Some models and systems on Groq have native support for visiting and analyzing specific websites, allowing them to access current web content and provide detailed analysis based on the actual page content. This tool enables models to retrieve and process content from any publicly accessible website.
The use of this tool with a supported model in GroqCloud is not a HIPAA Covered Cloud Service under Groq's Business Associate Addendum at this time. This tool is also not available currently for use with regional / sovereign endpoints.
Built-in website visiting is supported for the following models and systems (on versions later than 2025-07-23
):
Model ID | Model |
---|---|
groq/compound | Compound |
groq/compound-mini | Compound Mini |
For a comparison between the groq/compound
and groq/compound-mini
systems and more information regarding extra capabilities, see the Compound Systems page.
To use website visiting, simply include a URL in your request to one of the supported models. The examples below show how to access all parts of the response: the final content, reasoning process, and tool execution details.
import json
from groq import Groq
client = Groq(
default_headers={
"Groq-Model-Version": "latest"
}
)
chat_completion = client.chat.completions.create(
messages=[
{
"role": "user",
"content": "Summarize the key points of this page: https://groq.com/blog/inside-the-lpu-deconstructing-groq-speed",
}
],
model="groq/compound",
)
message = chat_completion.choices[0].message
# Print the final content
print(message.content)
# Print the reasoning process
print(message.reasoning)
# Print executed tools
if message.executed_tools:
print(message.executed_tools[0])
These examples show how to access the complete response structure to understand the website visiting process.
When the API is called, it will automatically detect URLs in the user's message and visit the specified website to retrieve its content. The response includes three key components:
When you include a URL in your request:
This is the final response from the model, containing the analysis based on the visited website content. The model can summarize, analyze, extract specific information, or answer questions about the website's content.
Key Take-aways from "Inside the LPU: Deconstructing Groq's Speed"
Area | What Groq does differently | Why it matters |
---|---|---|
Numerics – TruePoint | Uses a mixed-precision scheme that keeps 100-bit accumulation while storing weights/activations in lower-precision formats (FP8, BF16, block-floating-point). | Gives 2-4× speed-up over pure BF16 without the accuracy loss that typical INT8/FP8 quantization causes. |
Memory hierarchy | Hundreds of megabytes of on-chip SRAM act as the primary weight store, not a cache layer. | Eliminates the 100-ns-plus latency of DRAM/HBM fetches that dominate inference workloads, enabling fast, deterministic weight access. |
Execution model – static scheduling | The compiler fully unrolls the execution graph (including inter-chip communication) down to the clock-cycle level. | Removes dynamic-scheduling overhead (queues, reorder buffers, speculation) → deterministic latency, perfect for tensor-parallelism and pipelining. |
Parallelism strategy | Focuses on tensor parallelism (splitting a single layer across many LPUs) rather than pure data parallelism. | Reduces latency for a single request; a trillion-parameter model can generate tokens in real-time. |
Speculative decoding | Runs a small "draft" model to propose tokens, then verifies a batch of those tokens on the large model using the LPU's pipeline-parallel hardware. | Verification is no longer memory-bandwidth bound; 2-4 tokens can be accepted per pipeline stage, compounding speed gains. |
[...truncated for brevity]
Bottom line: Groq's LPU architecture combines precision-aware numerics, on-chip SRAM, deterministic static scheduling, aggressive tensor-parallelism, efficient speculative decoding, and a tightly synchronized inter-chip network to deliver dramatically lower inference latency without compromising model quality.

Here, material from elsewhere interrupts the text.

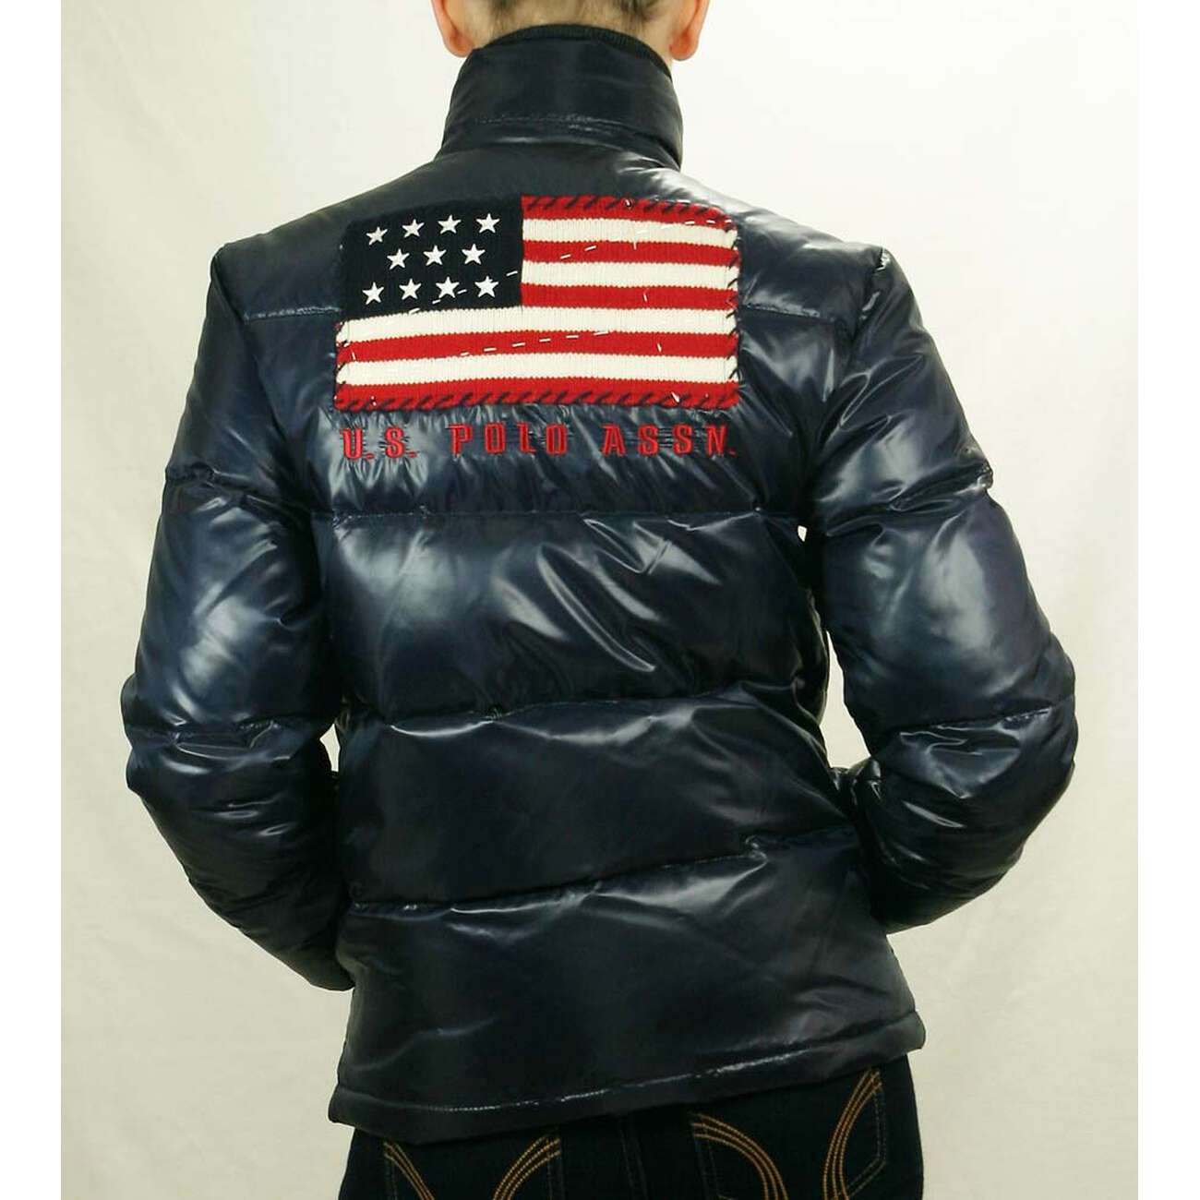 60b06fab1c5 ... US Polo ASSN USA Flagge WinterJacke Jacke Daunenjacke Jacke Steppjacke  ...

This shows the model's internal reasoning process and the website visit it executed to gather information. You can inspect this to understand how the model approached the problem and what URL it accessed. This is useful for debugging and understanding the model's decision-making process.
<tool>visit(https://groq.com/blog/inside-the-lpu-deconstructing-groq-speed)</tool> <output>Title: groq.com URL: https://groq.com/blog/inside-the-lpu-deconstructing-groq-speed
URL: https://groq.com/blog/inside-the-lpu-deconstructing-groq-speed 08/01/2025 · Andrew Ling
Moonshot's Kimi K2 recently launched in preview on GroqCloud and developers keep asking us: how is Groq running a 1-trillion-parameter model this fast?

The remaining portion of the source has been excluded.